For this kind of work, exporting a colour corrected TIFF from PhotoLab and then doing the clone and healing work in Affinity Photo. Like you, I have a CS6 copy of Photoshop available to me but have mostly migrated to Affinity Photo. My company has a company wide ban on all Adobe software due to CC subscription and privacy violations by Adobe. We wasted thousands of dollars on CS5.5 and CS6 special offers just before Adobe closed shop. Never again.

Affinity Photo is all of $50 when on sale (happens fairly regularly). Affinity Designer is priced similarly for those who need an Illustrator equivalent (I have it but use it infrequently as with Illustrator). Fortunately Adobe’s subscription policies have created an active market for high quality competitors, such Affinity or DxO.

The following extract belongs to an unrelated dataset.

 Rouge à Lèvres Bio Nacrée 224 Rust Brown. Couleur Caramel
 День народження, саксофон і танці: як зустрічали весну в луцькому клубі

I too have Affinity Photo but must admit to having struggled to “get into it”. Possibly something to do with it being both familiar and yet different at the same time. I have a copy of Photoshop CS3, which I am very loathe to give up on since it has been the mainstay of my toolchain for processing scanned LF files, which can sometimes get up to a couple of Gigabytes in size. One day I’ll have to bite the bullet, grasp the nettle, etc and see how Affinity copes with large files as well as digital. I already moved from using Illustrator to Affinity Designer and liked it.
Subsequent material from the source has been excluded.